_What the task asks:_ Word for word, restate all the records; images are not part of the copy.
━━ Extracted data ━━
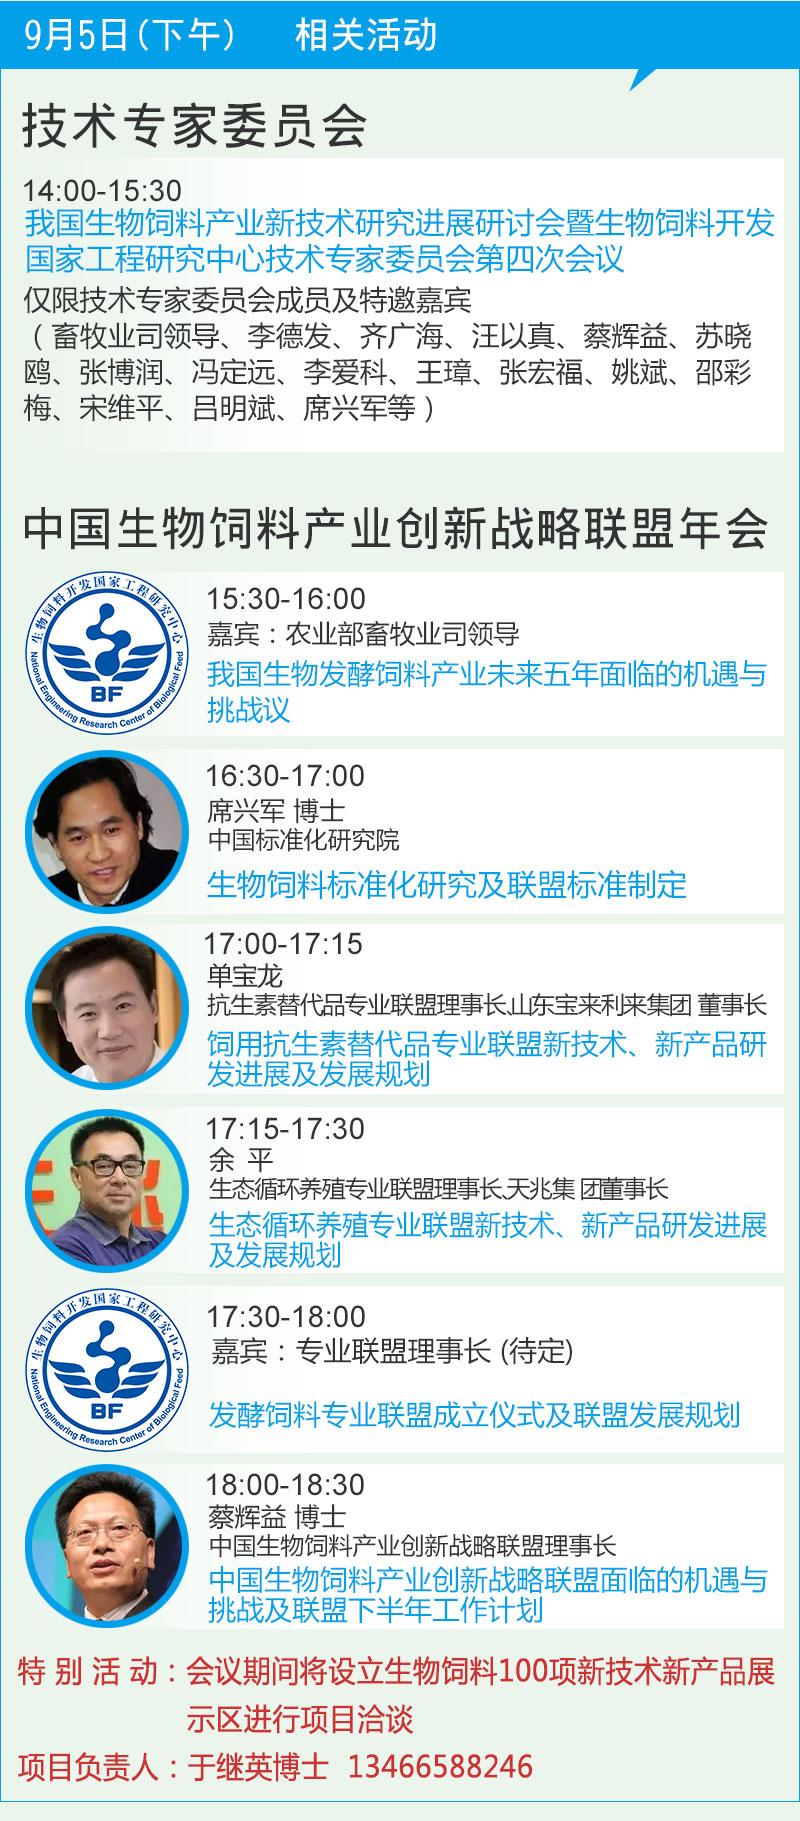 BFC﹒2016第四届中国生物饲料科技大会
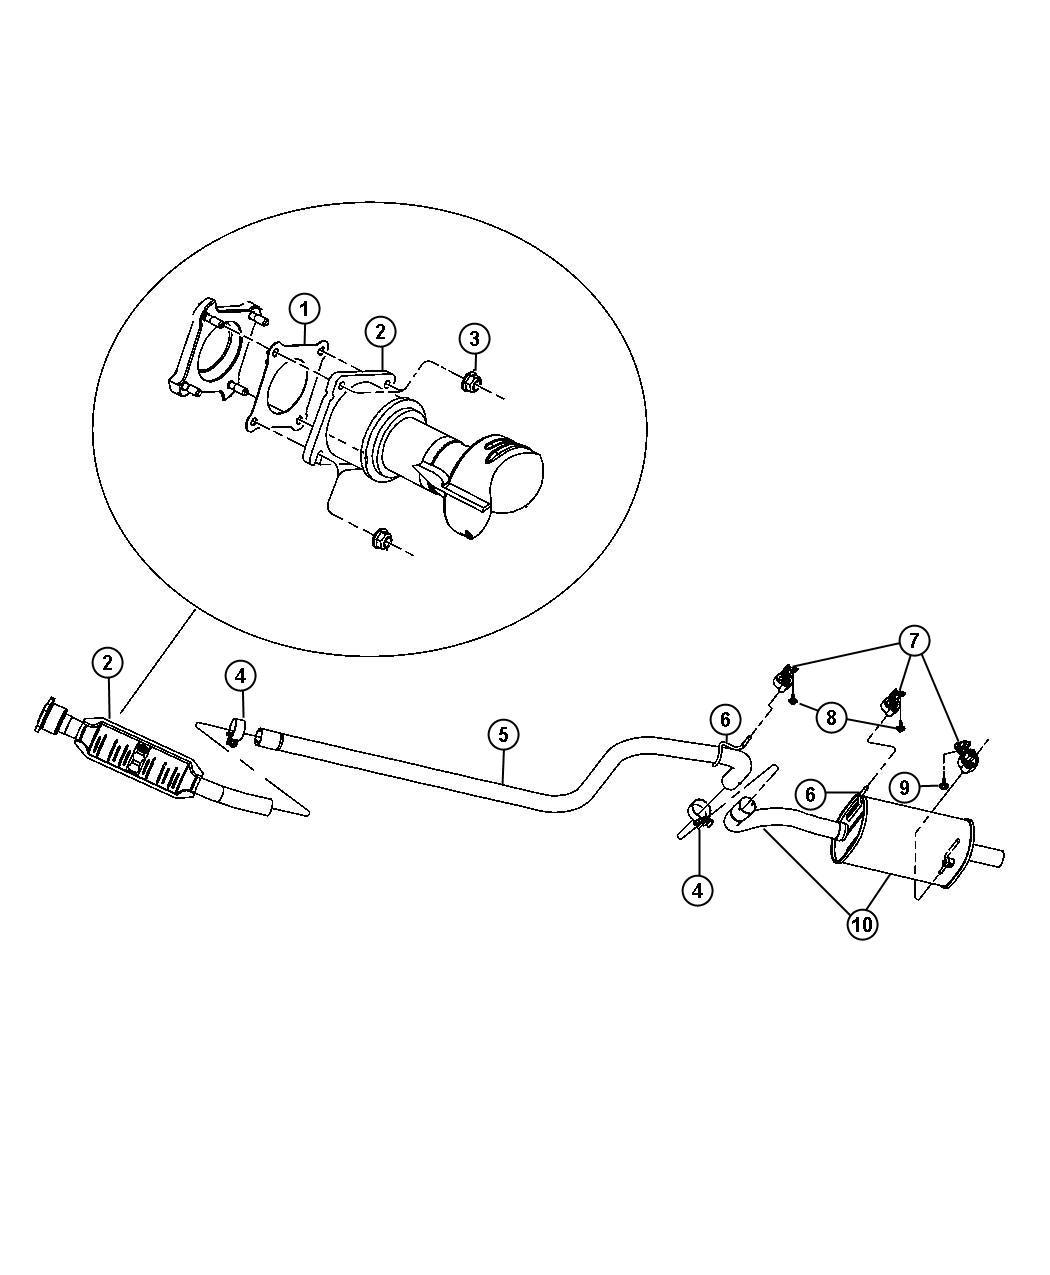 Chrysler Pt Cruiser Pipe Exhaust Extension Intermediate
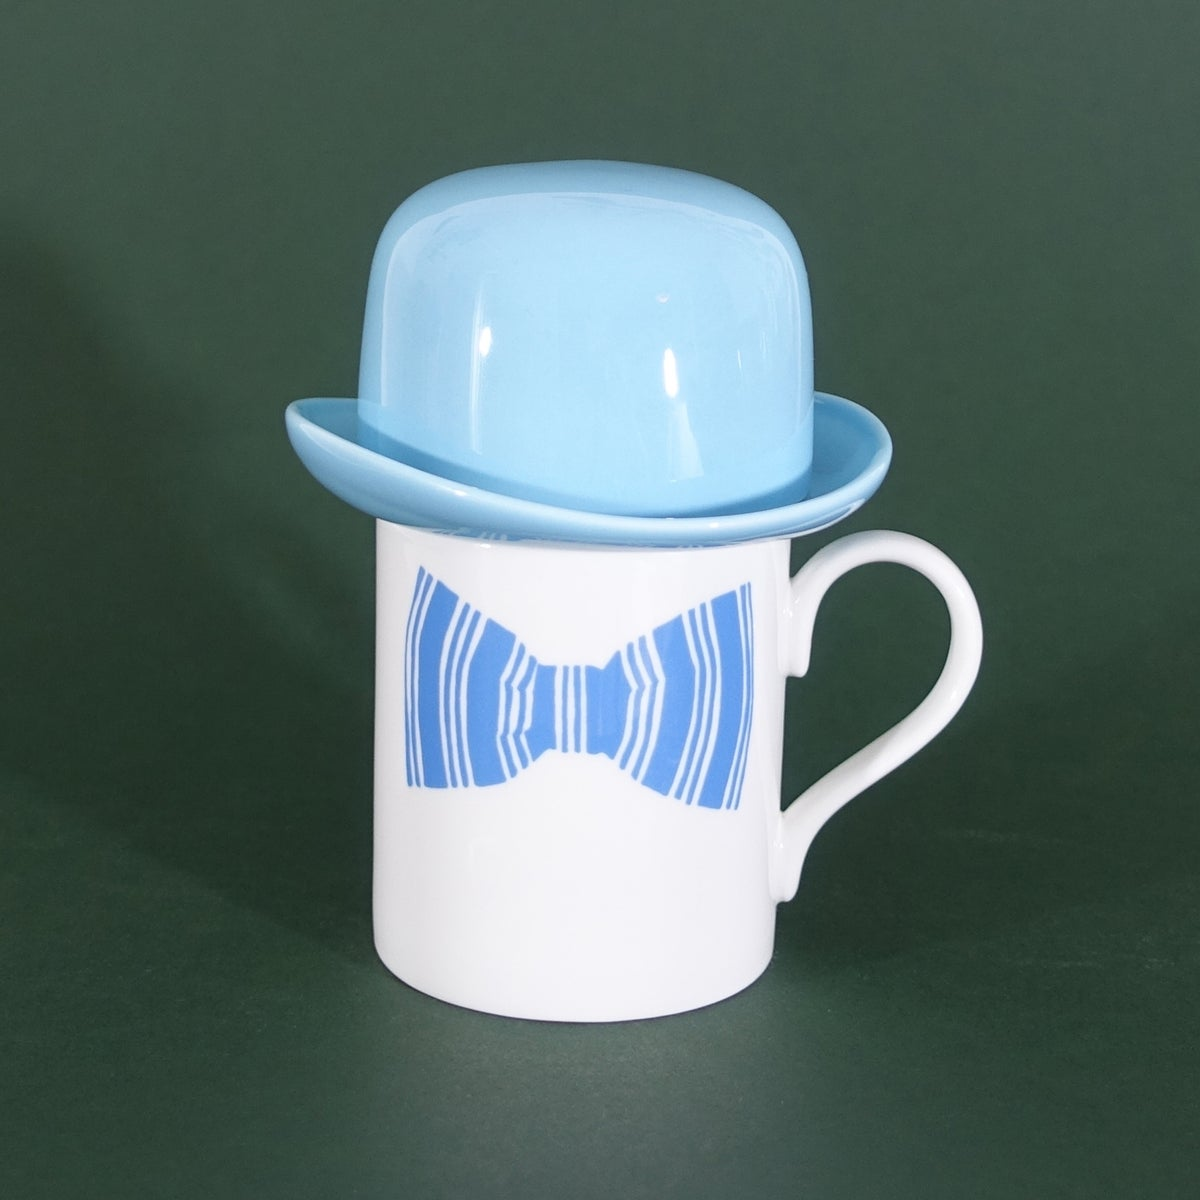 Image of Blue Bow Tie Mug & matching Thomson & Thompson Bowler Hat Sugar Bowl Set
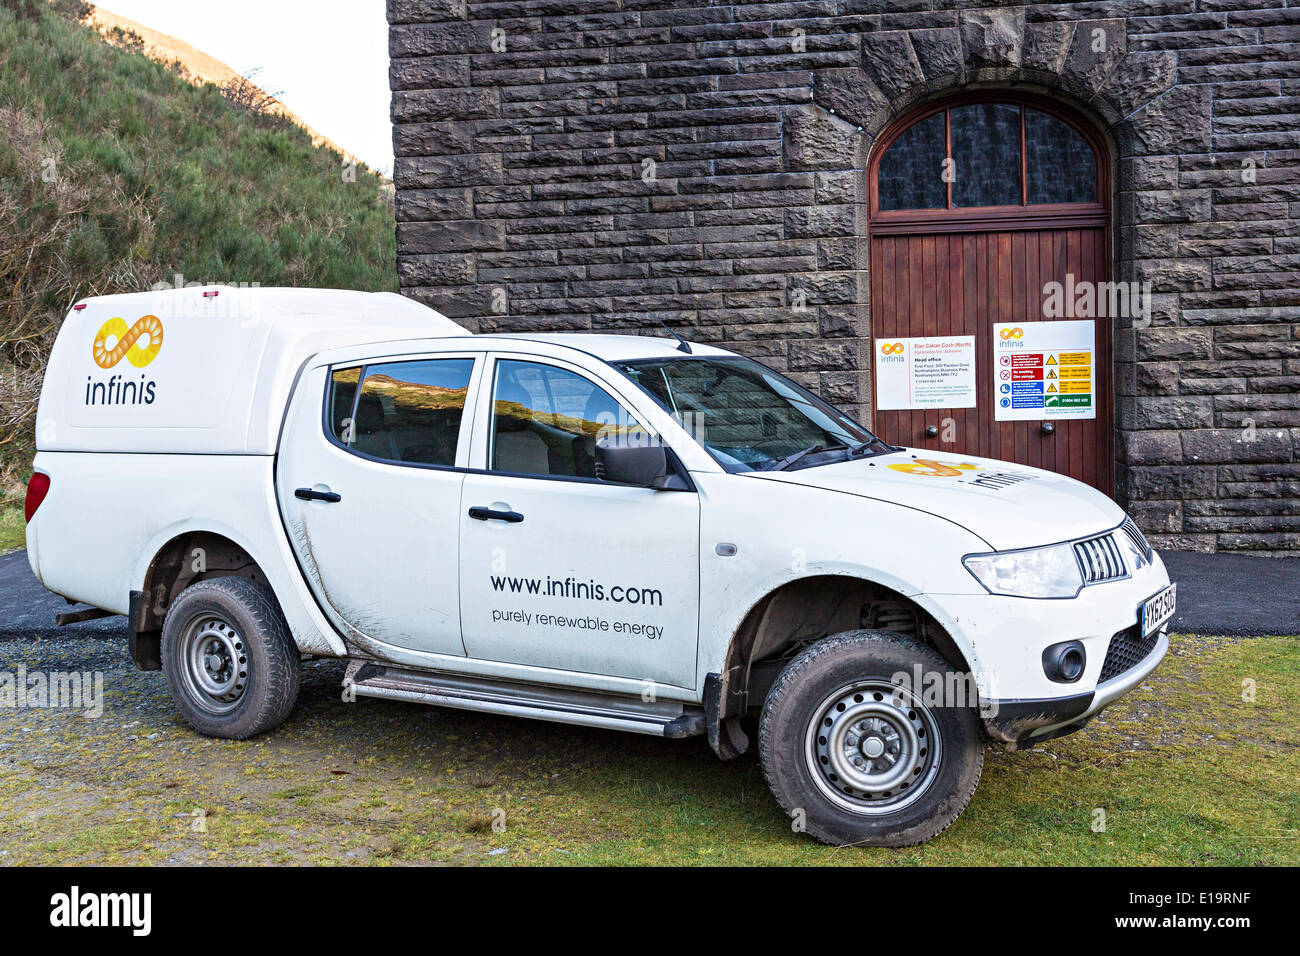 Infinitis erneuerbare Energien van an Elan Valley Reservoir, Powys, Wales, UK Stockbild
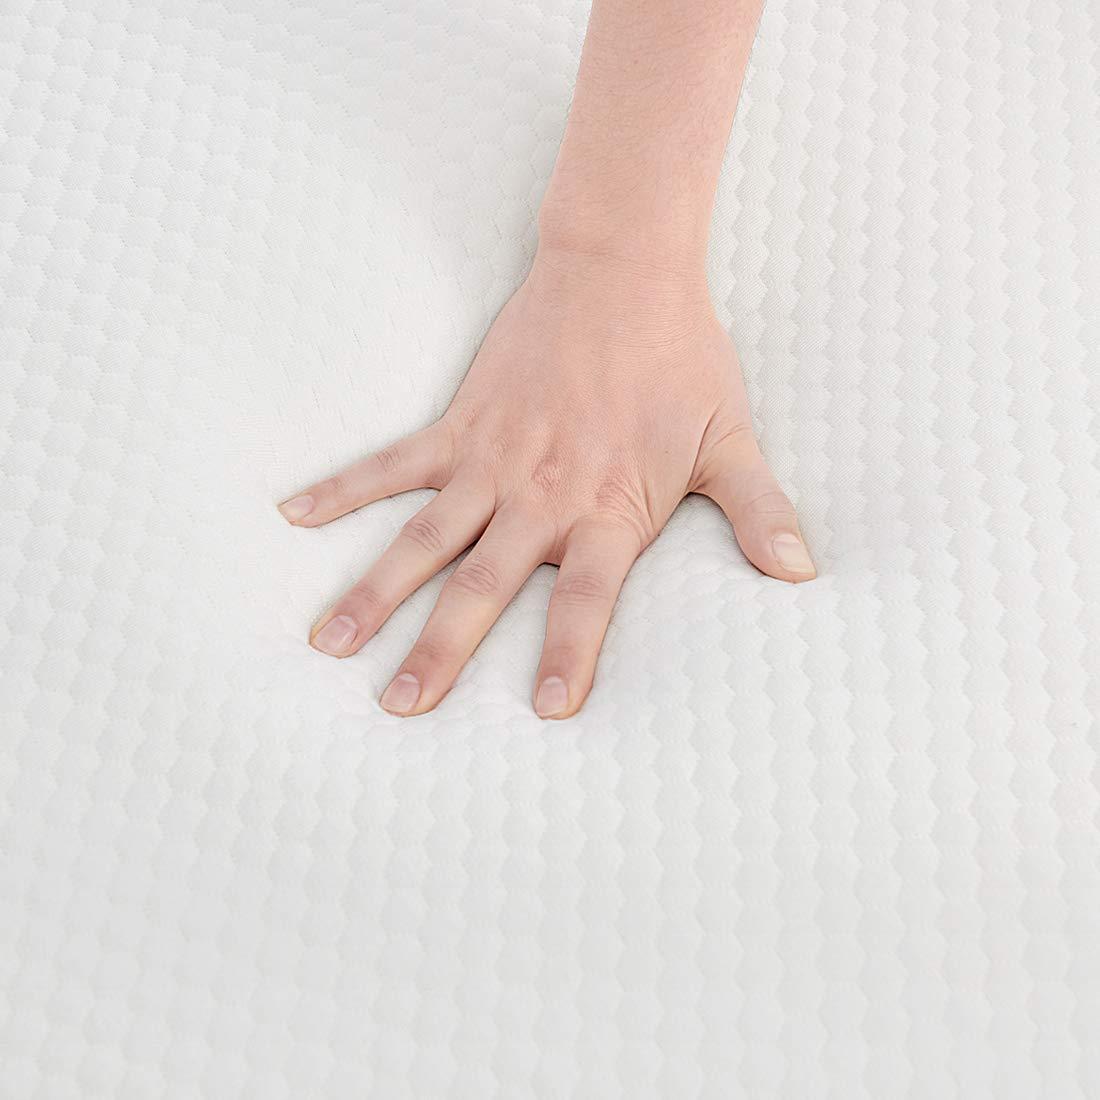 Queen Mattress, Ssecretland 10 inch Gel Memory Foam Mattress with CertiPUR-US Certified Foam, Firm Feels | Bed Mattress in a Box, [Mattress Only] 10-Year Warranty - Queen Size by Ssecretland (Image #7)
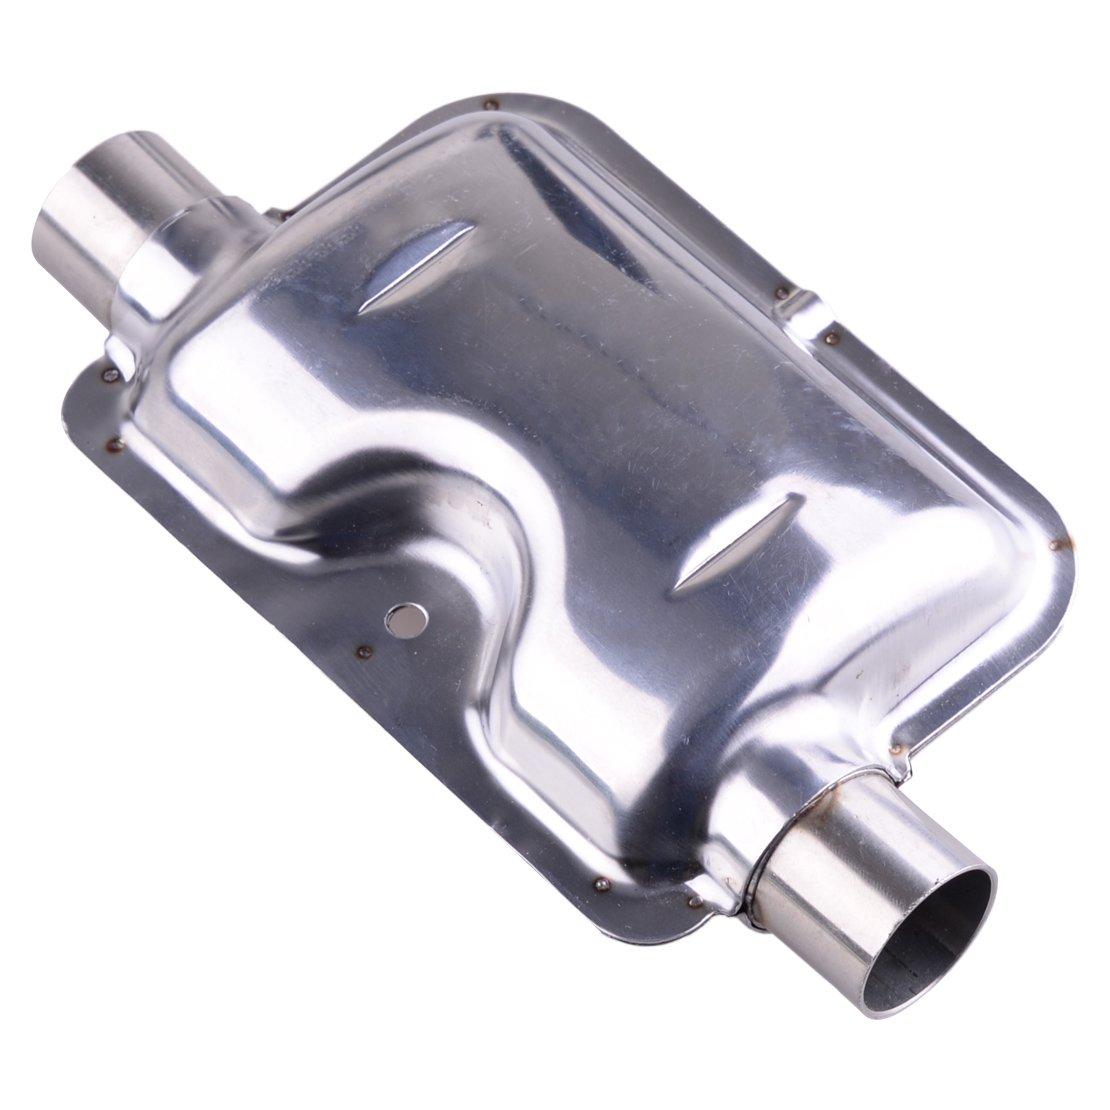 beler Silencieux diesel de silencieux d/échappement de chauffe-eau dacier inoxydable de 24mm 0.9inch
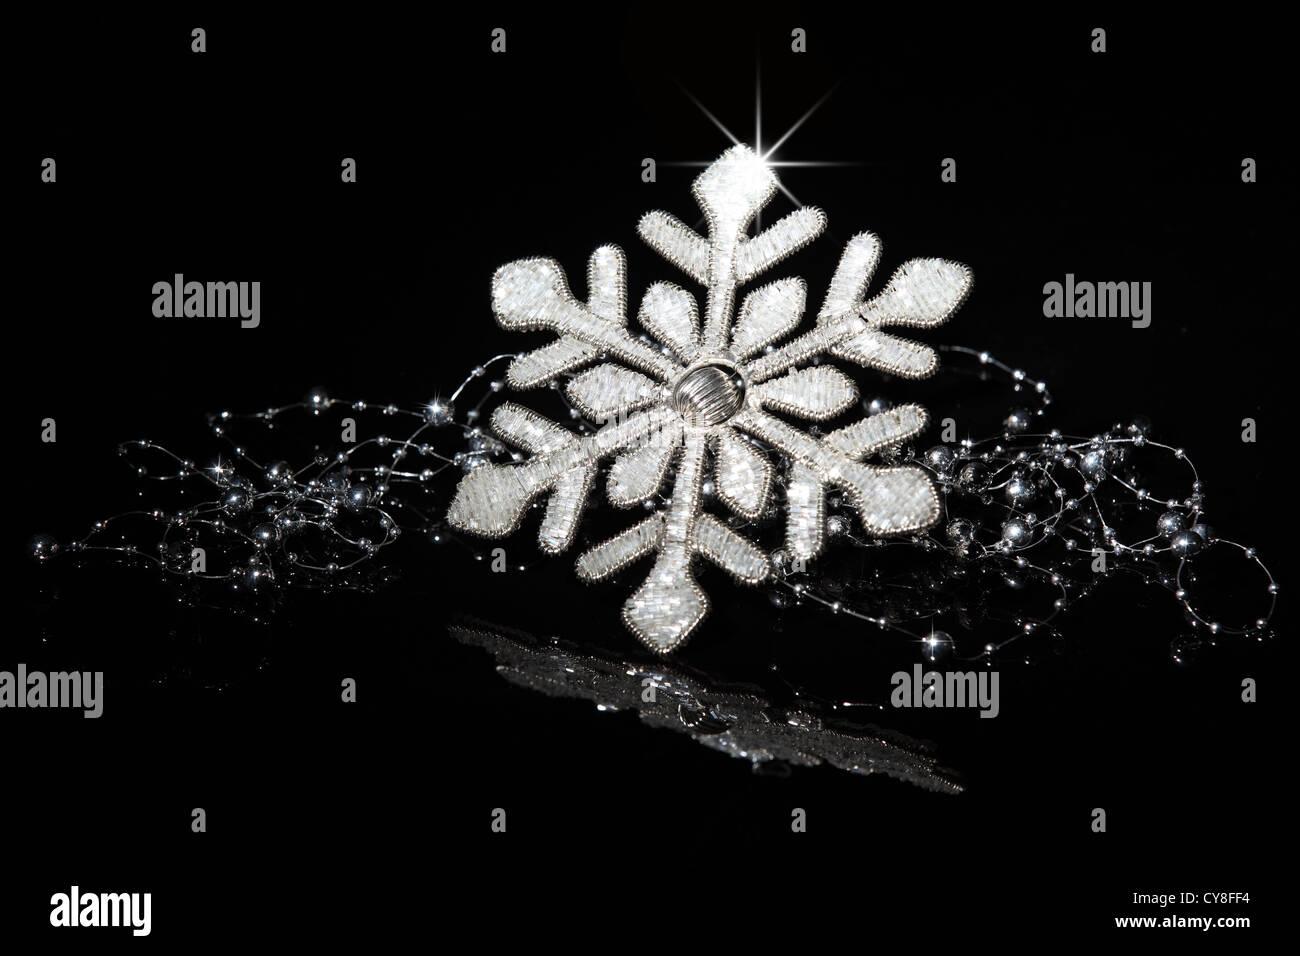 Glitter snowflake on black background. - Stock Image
━━━
_Response to this exercise:_
 BFC﹒2016第四届中国生物饲料科技大会
 Chrysler Pt Cruiser Pipe Exhaust Extension Intermediate
 Image of Blue Bow Tie Mug & matching Thomson & Thompson Bowler Hat Sugar Bowl Set
 Infinitis erneuerbare Energien van an Elan Valley Reservoir, Powys, Wales, UK Stockbild
 Queen Mattress, Ssecretland 10 inch Gel Memory Foam Mattress with CertiPUR-US Certified Foam, Firm Feels | Bed Mattress in a Box, [Mattress Only] 10-Year Warranty - Queen Size by Ssecretland (Image #7)
 beler Silencieux diesel de silencieux d/échappement de chauffe-eau dacier inoxydable de 24mm 0.9inch
 Glitter snowflake on black background. - Stock Image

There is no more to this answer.